Salary and working hours have little to do with productivity though. It's all about the workers' negotiation power. We have many technology breakthroughs in computers that have nothing to do with AI and see where we are now.
me. i slack off 6-7 hours a day and use copilot to do the tasks in the remaining 1-2 hours. (at least i think that's the ai and not my untreated adhd...)
in a few years, some genius will do a four day workweek experiment, people like me will forget to only work 4-8 hours instead of 5-10 per week because the amount of tasks is the same, they will conclude that there's no reduction in productivity, a benefit of four day workweek will work as an incentive instead of a raise to keep people around a bit longer, and it will start becoming a standard. and voila, we got the working hours reduction officially.
i've already heard buzz that negotiating a four-day work week doesn't tend to involve a 20% salary cut (probably because people are already slacking off a lot). i'll have to research that more though, because at some point i'd do it even if it did result in a 20% cut, and time is so much more valuable tbh.
In general thats an exaggeration but depending on the job, tasks and especially how much your coworkers understand your task.

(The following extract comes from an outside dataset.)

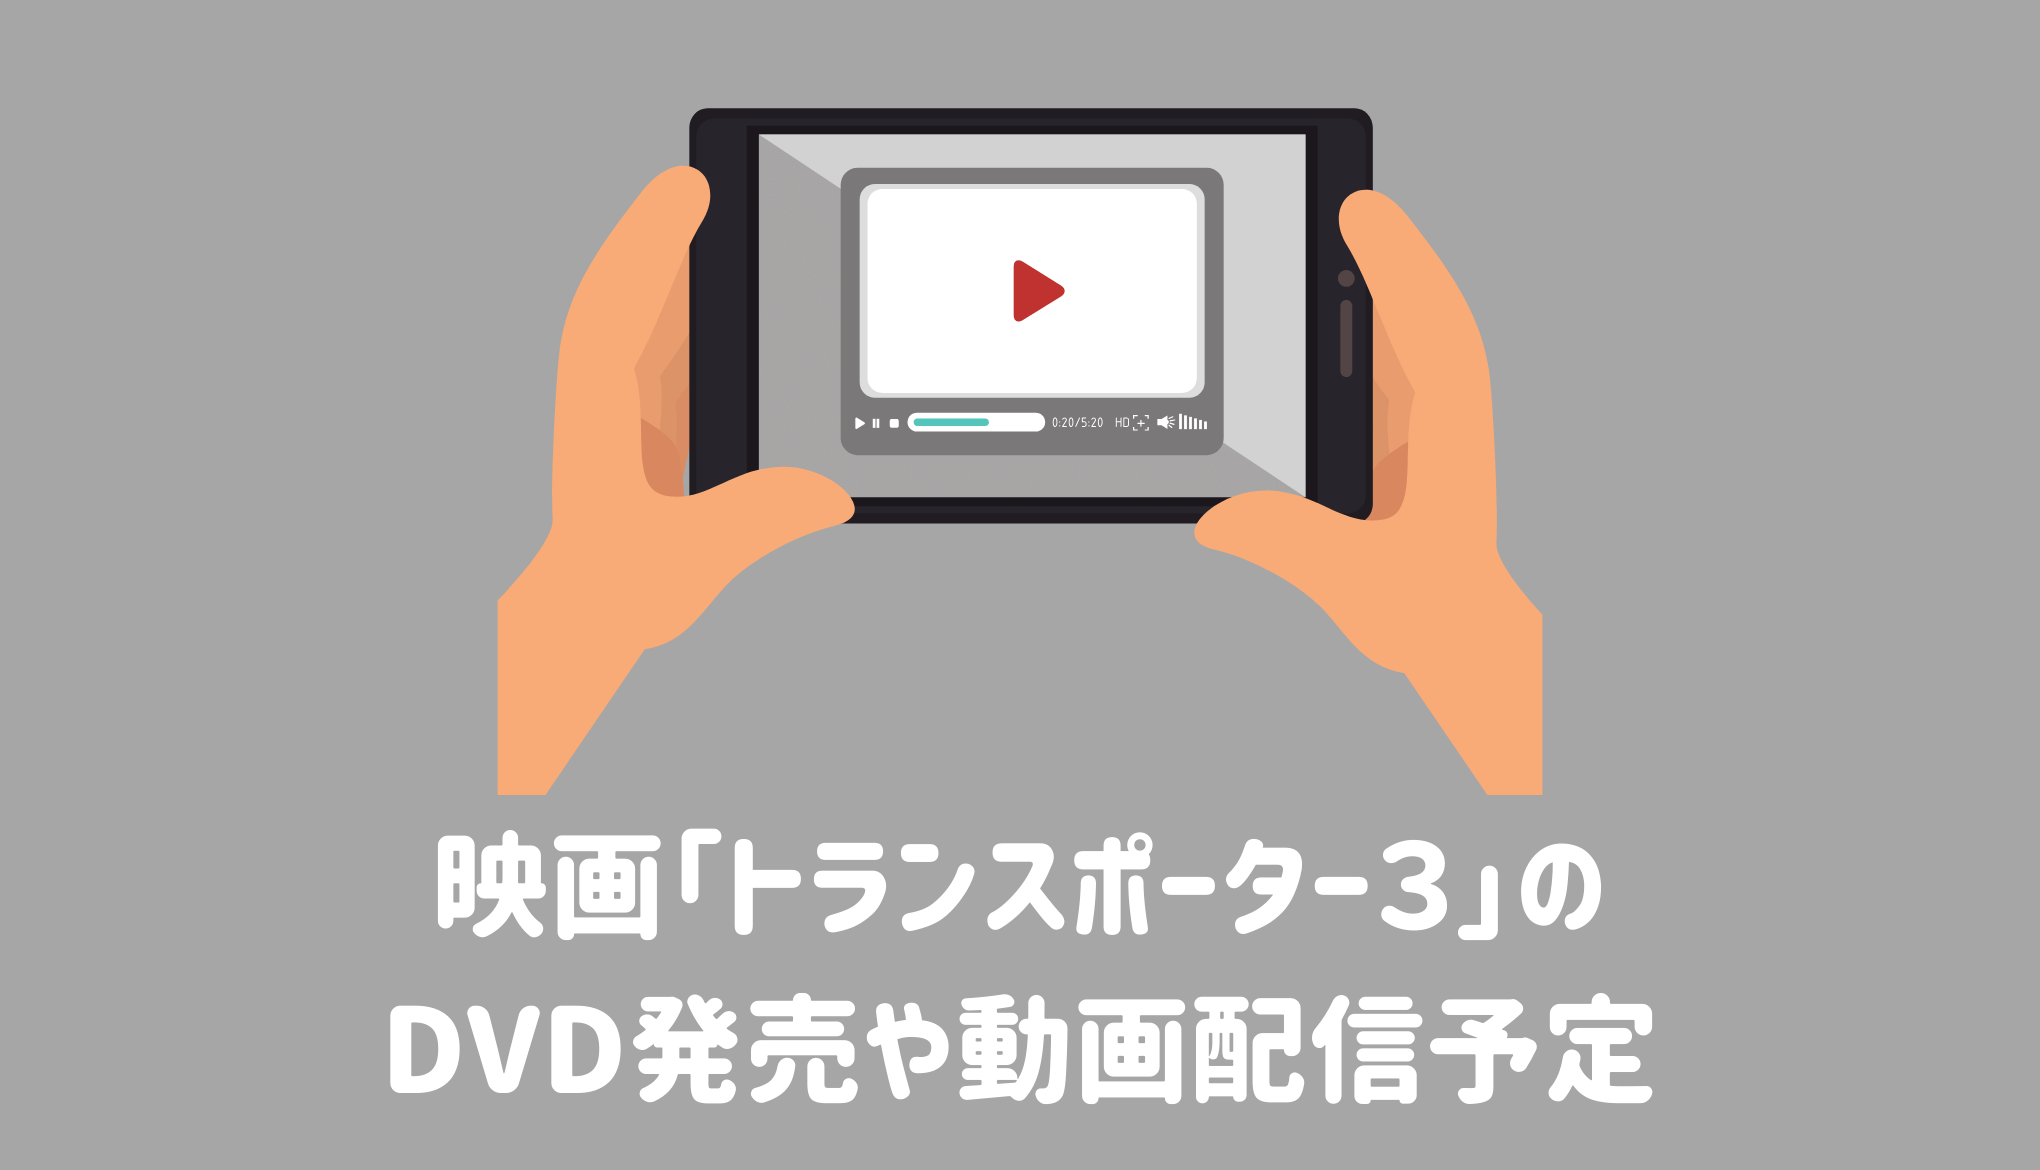 映画「トランスポーター3」のDVD発売や動画配信予定

I am adhd+autism and there are days where I completel 80% in the first hour before everyone else arrives and its nice and quite and i am still caffeinated. Then i struggle the remainer of the day to finnish
Has that ever historically been the case? It's usually been that a technological development results in loss of jobs, as businesses simply reduce their wage expenditure, whilst expecting the same amount, or more work.
Like how computerisation has massively increased productivity, but wages and working hours haven't changed to match.
which language do you work with? also, what kind of code do you write?
i do web apps in typescript, fullstack, and so many things are just layers upon layers on the same thing. you make a model, then you make a migration for that model, then a controller for a dead simple crud with just enough custom validation and shit that it's hard to autogenerate, then swagger docs, then factories and unit tests. most of the time, i just write the model, paste it to the top of the file in a comment, then start writing the thing and the ai immediately wants to take it and do it by itself, so i just let it. there are usually a few mistakes, exactly in those hard to autogenerate places, so i fix a few and then the ai can help fix the rest with little intervention. (i do need to delete the mistake and palce the cursor, but it tends to know how to fix it). it's been a huge time-saver for me.
but i noticed that it's also damn good at just generic typescript/javascript. i have it enabled pretty much all the time now and i have yet to find a task where it doesn't speed me up, even with the weird shit i do for fun.
however, i heard similar complaints quite a few times working with other languages. the amount of open source code that's out there for your specific language seems to have a large effect on copilot's effectiveness
I really think we'll start seeing actual improvements as open source alternatives replicate corporate functionality. Existing options are a mess (particularly in a professional setting) for folks to try to implement as they have unstable business models and dubious ideas about intellectual property. See OpenAssistant for an example of where I think these models are headed.
It will! For people who already don't do work because they implemented the AI strategy for developers. Clearly, if productivity rises the managers did good!
Getting some gains out of it, but I'm still limited by the fact that I can't put anything proprietary into any AI tooling. Not motivated enough yet to roll my own.
For generic Q&A/searching, templating, etc, it's been a decent stackoverflow replacement.